Как хотелось Келлу, чтобы он с радостью встретил своего младшего брата после двухмесячного изгнания, но ничего, кроме беспокойства, он не испытал. В каком состоянии приехал Шон? Что он задумал? Как воспримет известие о получении Келлом титула? О приобретении поместья? О том, что его отношения с Рейвен не только не стоят на грани разрыва, а укрепляются?

Келл ругал себя, что ни разу за это время не съездил в Ирландию, на конскую ферму. Ведь он получил неприятное сообщение от управляющего, что его брат в приступе безумной ярости почти насмерть забил одну из лошадей. Единственное, что он сделал для Шона — за что тот вряд ли станет его благодарить, — подыскал нового врача. Эскулап обещал применить какие-то новые методы лечения и в случае необходимости поместить пациента в хорошее лечебное заведение.

В клубе, куда Келл заехал в первую очередь, он не нашел Шона. Не было его и в доме, где тот жил до своего отъезда. Келл не стал искать его по всем злачным местам Лондона, а вернулся в клуб, где пришлось принимать искренние и не очень поздравления с получением титула, что не принесло ему удовлетворения и не улучшило расположения духа.

Чуть позже полуночи Шон все-таки явился. Он был в сильном подпитии. Поэтому Келл решил не начинать встречу с расспросов о том, почему Шон самовольно уехал из Ирландии и жестоко обращался с лошадью.

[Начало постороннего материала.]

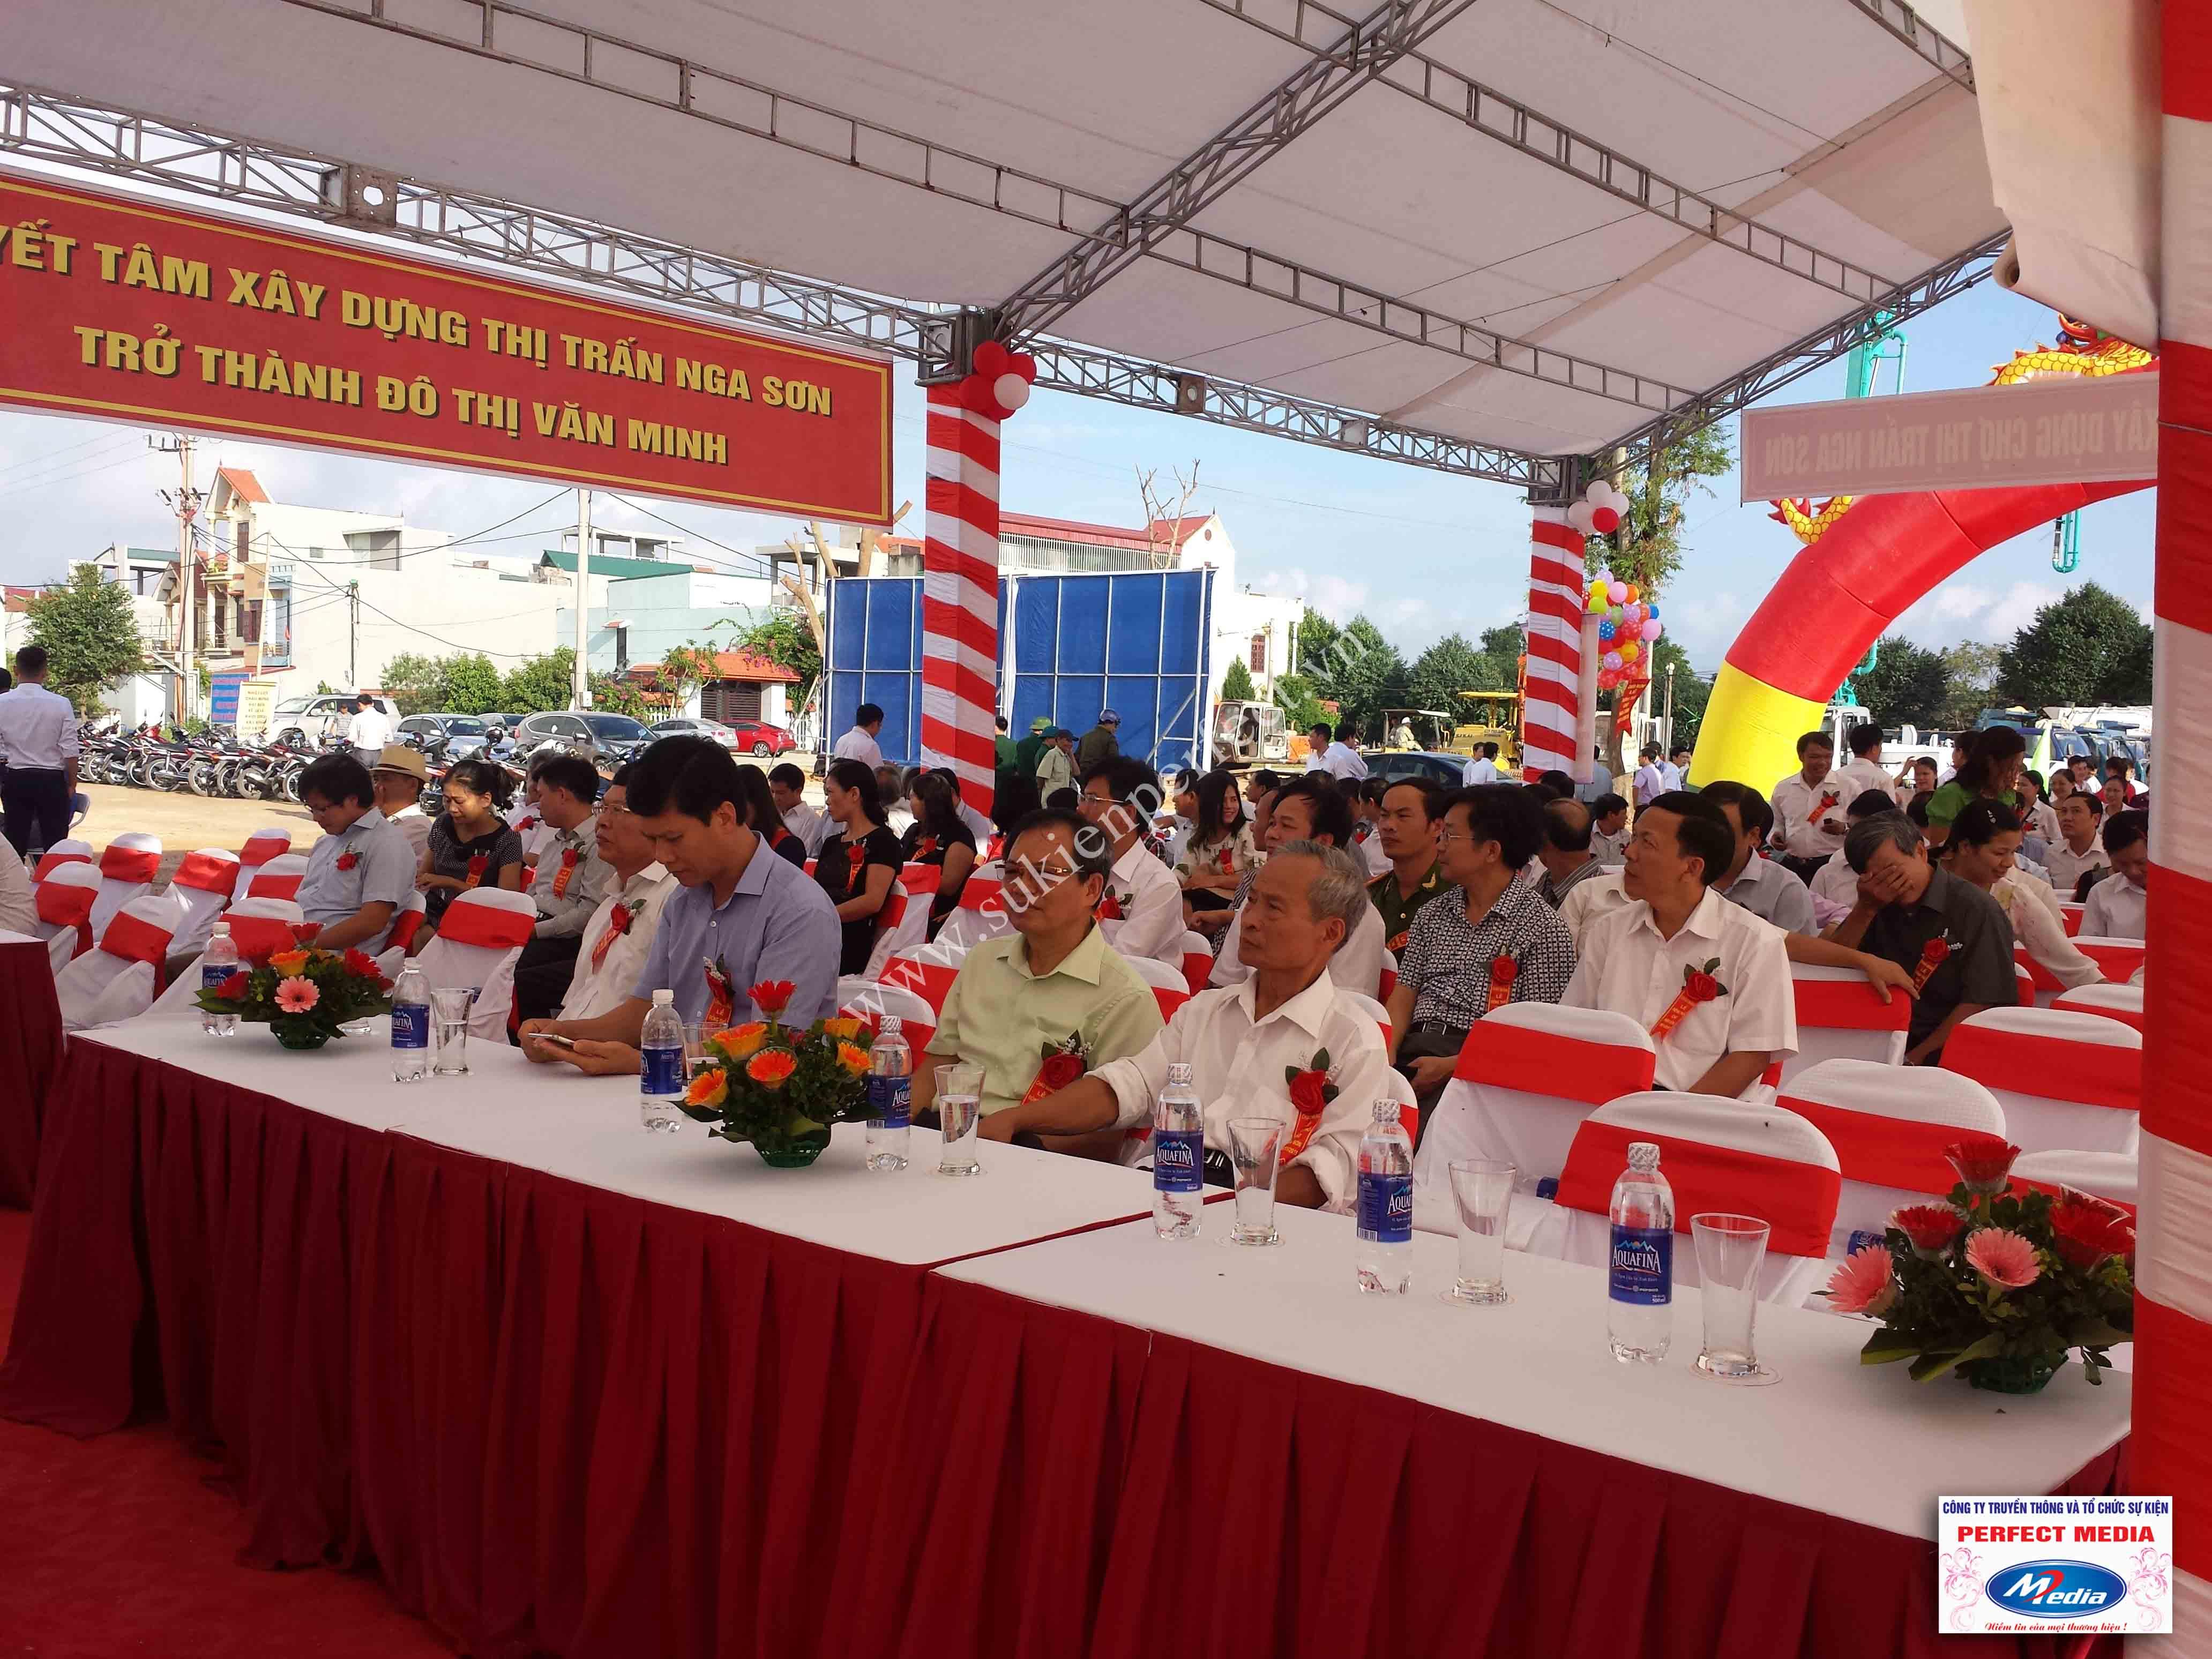 Hình ảnh hội trường lễ khởi công xây dựng chợ thị trấn huyện Nga Sơn 06

— С приездом, — сказал он, положив руку на плечо брата. Но тот, качнувшись, сбросил его руку и, не отвечая на приветствие, заносчиво сказал:

— Я слышал, ты заделался шелудивым лордом? Поздравляю.

— Пойдем наверх и поговорим обо всем, — предложил Келл.

— Не собираюсь ни о чем говорить! — рявкнул брат. — Где она?

— Кто — она?

— Как будто не знаешь! Где эта шлюха, которую ты сделал своей женой и баронессой, чтобы она теперь водила за нос тебя, а не меня?

— Шон, заткнись! С меня довольно!

Тот бросил на него взгляд, полный ярости и боли.

— Будь ты проклят, Келл! Зачем ты это сделал? Я предупреждал тебя…

С этими словами он бросился к выходу, чуть не упав по дороге. Рванувшись за ним, Келл успел увидеть, как тот влез в поджидавший его наемный экипаж.

Недолго думая, Келл решил немедленно вернуться домой, чтобы быть спокойным за Рейвен. На всякий случай он взял с собой из клуба одного из своих охранников, бывшего боксера.

Они прибыли почти вовремя и еще издали успели увидеть, как пьяный Шон что есть силы колотит в дверь дома, принадлежавшего Келлу, и во все горло поносит его обитателей. В окнах соседних домов начали вспыхивать огни. И еще они увидели, как открылась дверь и на пороге появился О'Малли. Шон набросился на него и схватил за горло. Однако старый слуга не растерялся. Удар в челюсть свалил обидчика лицом в снег.